# Problem Inserting Links and Pics



## Grumps (Feb 3, 2003)

I can't seem to insert pictures and links the way I used to since the board upgrade. The window appears to enter the web address, but when I click enter, it doesn't show up in the body of the post. So I'm unable to post a pic to be viewed within the post or use a keyword as a link to a web address.


----------



## SuperAction80 (Oct 8, 2007)

I just get the funny bubbling sound whenever I hit the insert image button. I haven't made any recent adjustments to my browser settings either.


----------



## Reedsplinter (Jul 28, 2007)

I was able to insert an image just now as usual, no problem. So this is not a universal issue.


----------



## saxmanglen (Feb 2, 2003)

Grumps said:


> I can't seem to insert pictures and links the way I used to since the board upgrade. The window appears to enter the web address, but when I click enter, it doesn't show up in the body of the post. So I'm unable to post a pic to be viewed within the post or use a keyword as a link to a web address.












Seems to have worked for me Grumps....??? :?


----------



## Grumps (Feb 3, 2003)

It could be another AOL issue...


----------



## saxmanglen (Feb 2, 2003)

Grumps said:


> It could be another AOL issue...


Pop ups and cookies need to be enabled for SOTW too.


----------



## Grumps (Feb 3, 2003)

saxmanglen said:


> Pop ups and cookies need to be enabled for SOTW too.
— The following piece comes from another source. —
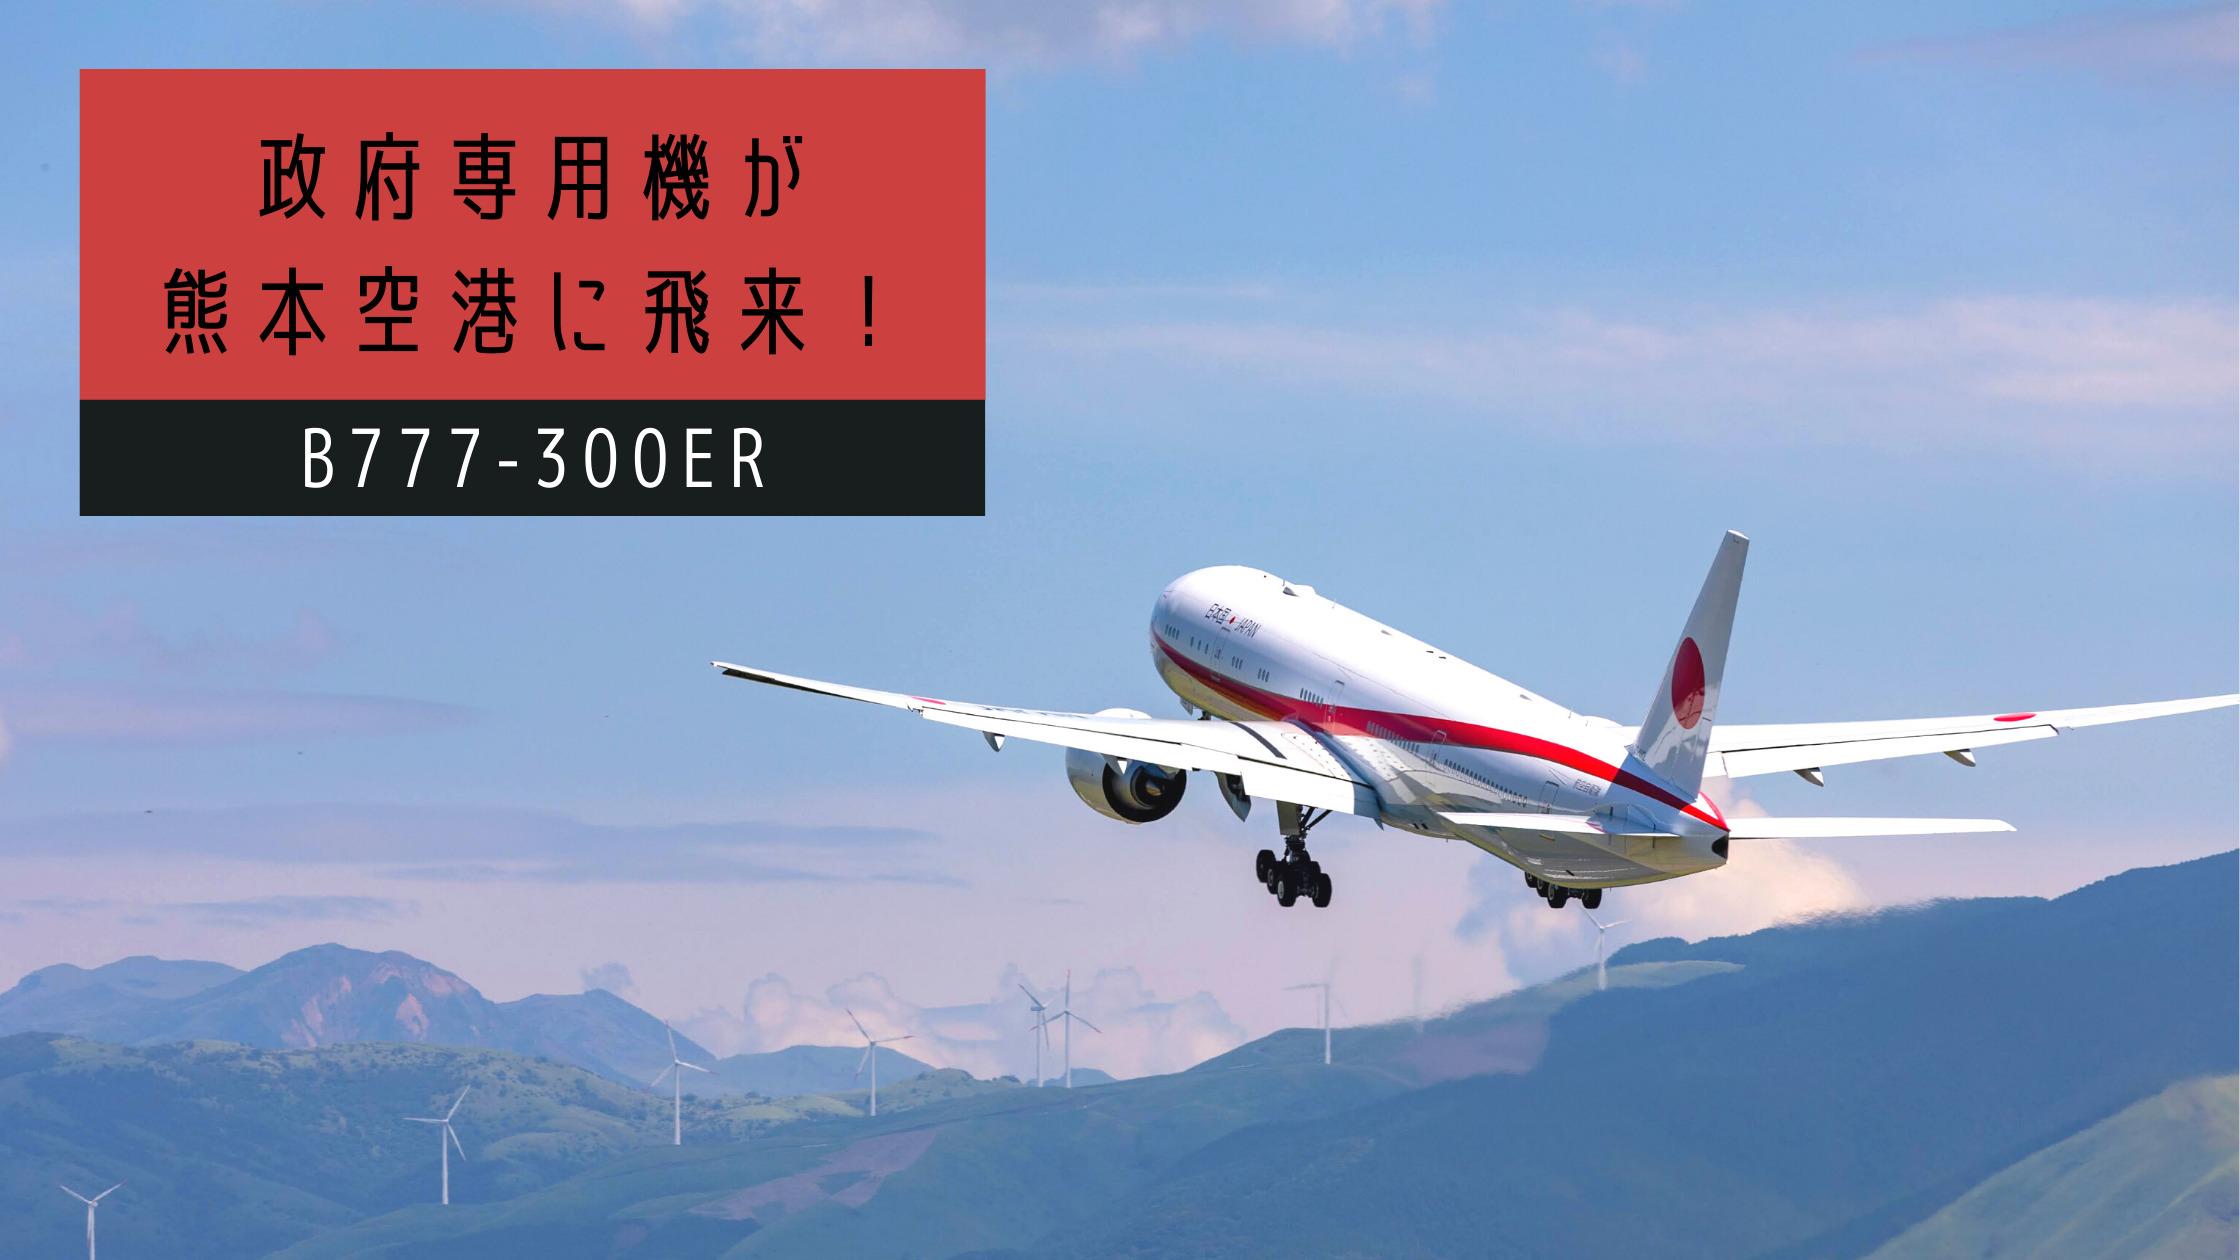 専用 機 政府 北朝鮮の政府専用機=オンボロはデタラメ…日本より安全、米国エアフォースワン並み

I had enabled them... but just now opened SOTW up in a new browser window outside of AOL and that seems to work. So I guess it is just another AOL issue with the board.


----------



## saxmanglen (Feb 2, 2003)

I've got AOL too. I don't even use their software anymore. I just open my mail up in my browser. Too many issues like you've described browsing within their software.


----------



## SuperAction80 (Oct 8, 2007)

Grumps said:


> It could be another AOL issue...


Uh huh, well that would explain why we're both having issues. This recent upgrade I've downloaded from them has been nothing but problematic.


----------



## Grumps (Feb 3, 2003)

Just open an internet explorer window outside of AOL, and that'll do the trick.


----------



## Harri Rautiainen (Jan 24, 2003)

Not directly related to Grumps'es problem, but hundreds of AOL users will be left out monthly of this Forum, because AOL.com does not delivery the required activation codes to them.

Yes, I can insert images:


----------